Minor talent, my ass. With as much power as he’s got I can see why his ass is so chapped that he’s not the one with Santa Muerte.
Buckshot tears through the edge of the desk, and I barely keep from being flattened as it comes crashing down toward me. I kick backward, rolling out of the way and to my feet.
So far Bustillo is the first mage I’ve run into on this trip. It was really just a matter of time and I’m actually a little surprised it’s take
n this long. Most of the people whose heads I’ve busted have been your run-of-the-mill narco thugs. Tough bastards, dangerous, but normal. Normal I can eat for breakfast.
I unload the Benelli at him. Five rounds, but I’m not really expecting anything to connect. He’s already on the move and any mage worth the title is going to have defensive spells ready to go at a moment’s notice. Bustillo works for Sinaloa, which is about as cutthroat a cartel as they come. They’re not known for coming at you in a fair fight. He’s going to have something extra special up his sleeve for just such occasions.
Sure enough the buckshot scatters as it gets close, splitting into two streams of pellets and peppering the wall on either side of him with holes. I drop the shotgun, it’s useless, anyway, and scoop up the obsidian blade from where it’s embedded itself into the floor. As I grab the knife, Bustillo gets hold of his submachine gun and stitches a line of bullets across the room.

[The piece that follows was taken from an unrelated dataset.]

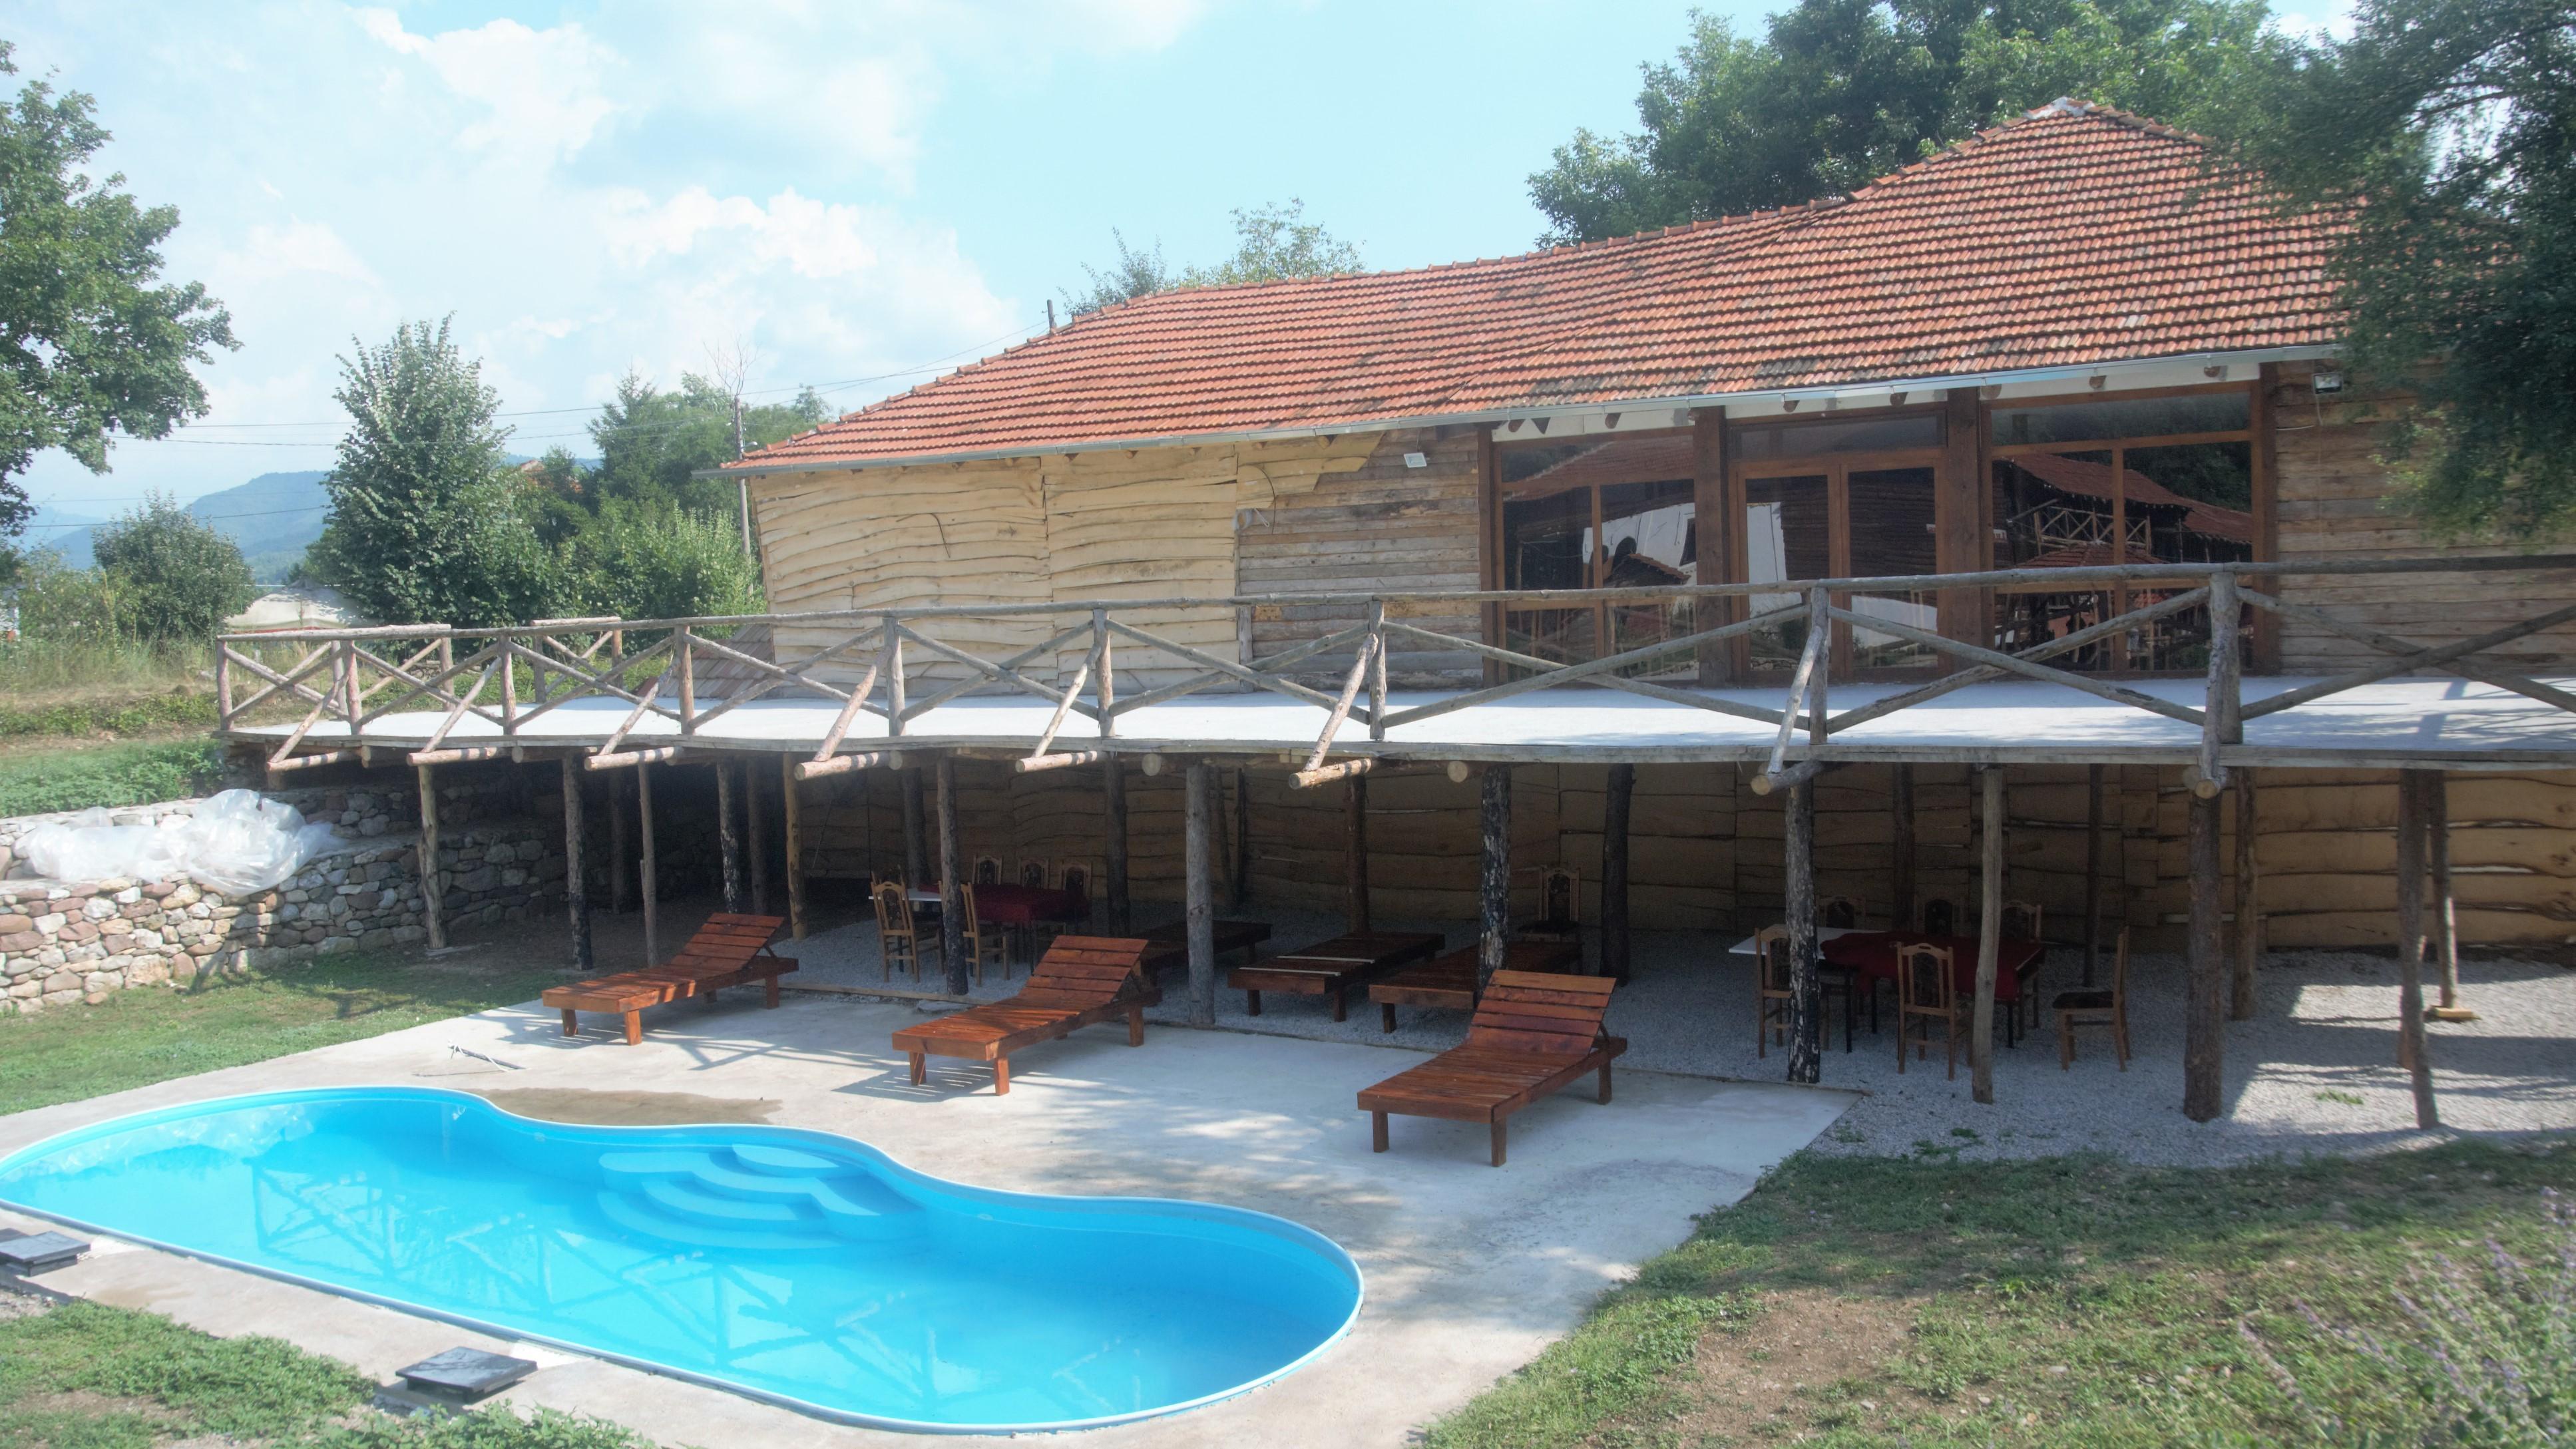 etno_restoran_lezaljke_i_bazen_etno_selo_stara_planina

I drop behind the desk. Like Bustillo I have defensive spells, too. Apparently, they’re not as good as his are. Even with the magic in my tattoos redirecting most of the rounds I get tagged by a bullet in my shoulder. Normally, that would be a problem.

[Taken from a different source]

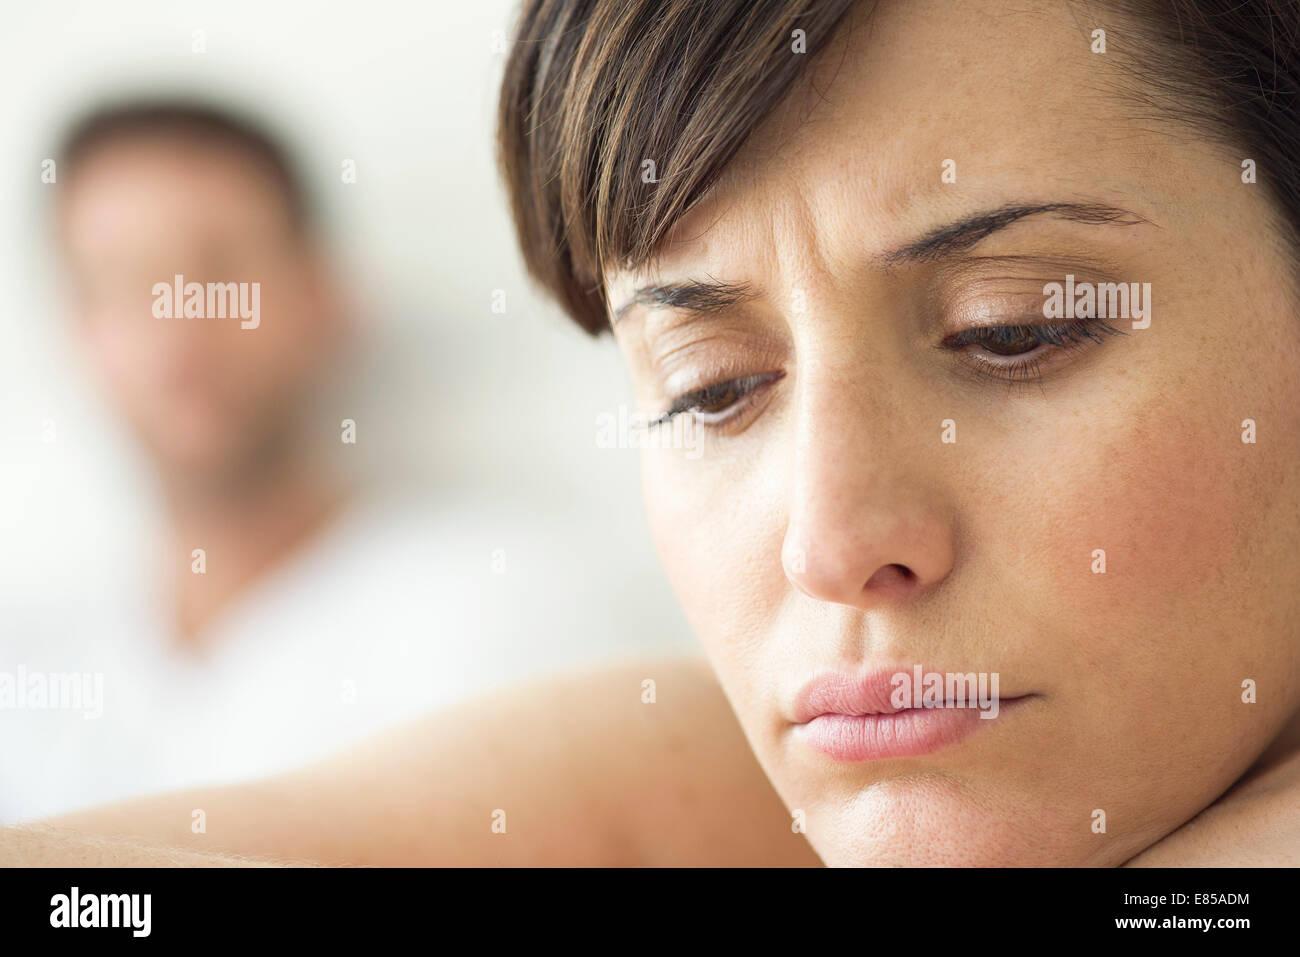 Frau, nachdenklich und zurückgezogen nach Meinungsverschiedenheiten mit Ehemann Stockbild

But normal left the building a long time back. The bullet that gets through my protections mushrooms on contact and stops dead. The jade crawling through my body has gone up to my shoulders and down most of both arms. I can’t scratch it, can’t break it. And it’s really good at stopping bullets. A small bright spot in an otherwise fucked situation.
I pull the Browning. I don’t think I’m going to get close enough to him for the knife to be very effective. Even the Browning isn’t going to do much good. It’ll make big holes, but unless I can do something about his magical defenses it’s not going to do a whole lot.
“So was I right?” I say. “You think I’m an idiot for rejecting Santa Muerte’s ‘gift’? I’m thinking you see yourself as a much more worthy recipient of it, yeah?”
For somebody who’s just one more stepping stone to getting what I want, Bustillo’s turning out to be a big pain in my ass.